(Bloomberg) -- A rally at the long end of the Treasury curve is stalling as U.S. 30-year yields struggle to break below critical levels ahead of key risk events this week.
Mounting concerns about global trade friction and emerging-market weakness have been driving investors toward the relative safety of Treasuries. The yield has nudged below its 200-day moving average a number of times over the past week, but it still hasn’t closed beneath it since January. On Monday, the rate once again edged below the average -- currently around 2.9683 percent -- before bouncing back above 2.98 percent in New York trading.

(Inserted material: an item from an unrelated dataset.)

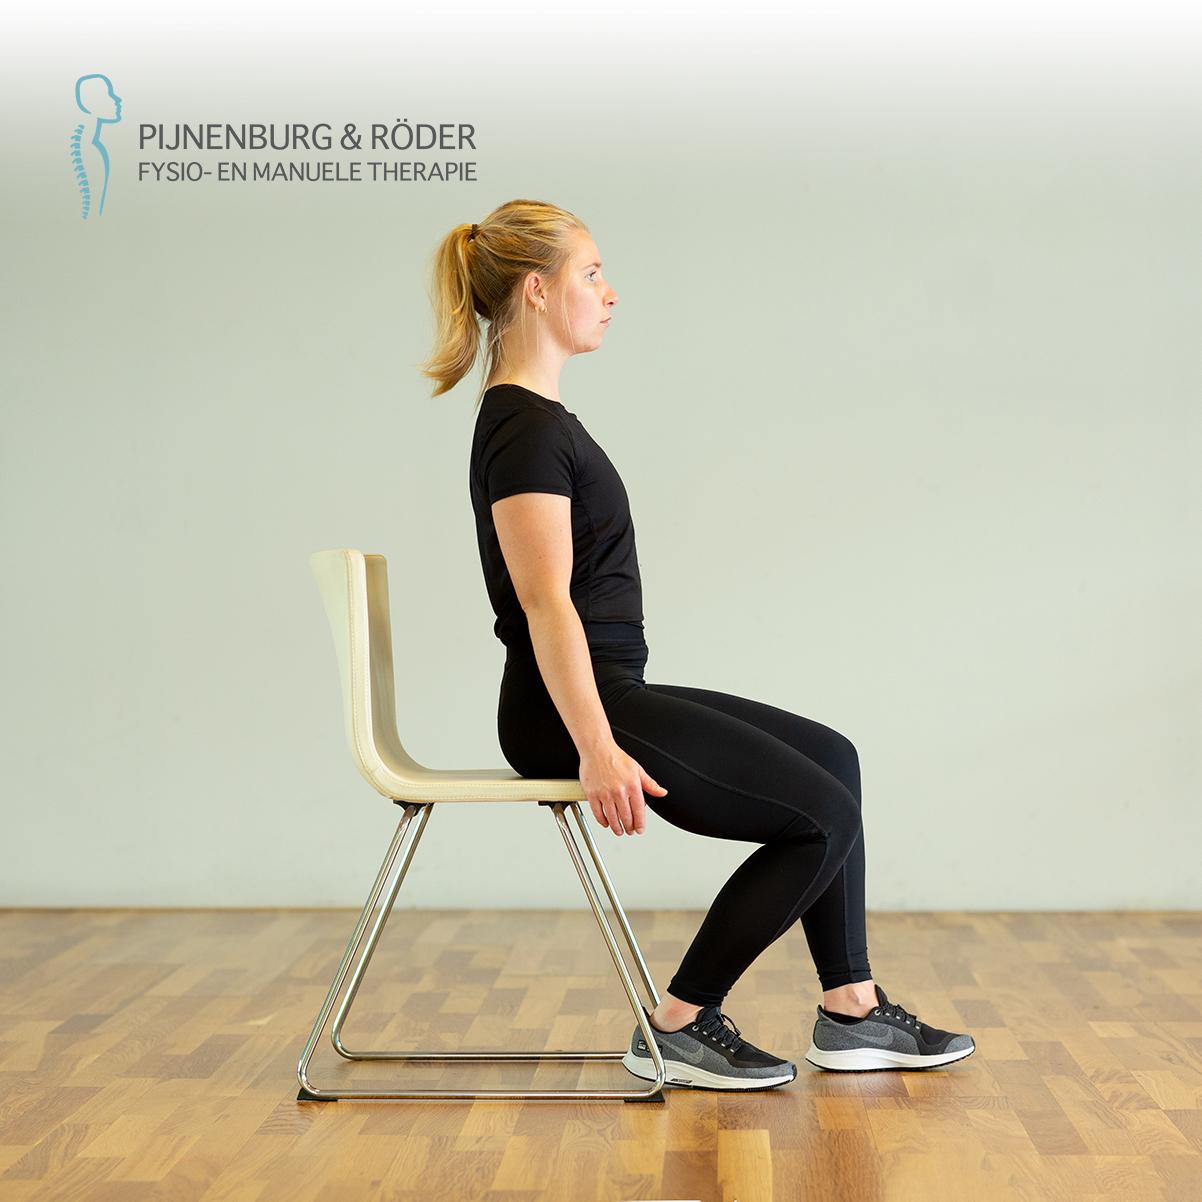 enkel mobiliteit dorsaal flexie

The market could also face technical headwinds from a so-called triple bottom, with the yield failing to push below 2.95 percent on three occasions since early April. This holiday-shortened week, which includes a crucial deadline for the U.S. to impose tariffs on Chinese imports, as well as the monthly American jobs report and minutes of the latest Federal Open Market Committee meeting, could prove pivotal in determining whether the rally can get additional steam.
“Combining trade tensions, flagging data, EM struggles, hints of a European twist, and volatility in global equities, it’s challenging to imagine the Treasury markets will drift sideways for very long,” BMO Capital Markets strategist Ian Lyngen wrote in a note Monday. “With this backdrop of risk-off drivers, we’re not particularly surprised to see 30-year yields flirting with several important technical levels.”
The move so far already represents a notable turnaround from mid-May, when long-bond yields rose to a three-year high of 3.2612 percent amid rising inflation expectations and building concern over swelling U.S. debt issuance. The maturity has since rallied, with the yield falling in five of the past six weeks.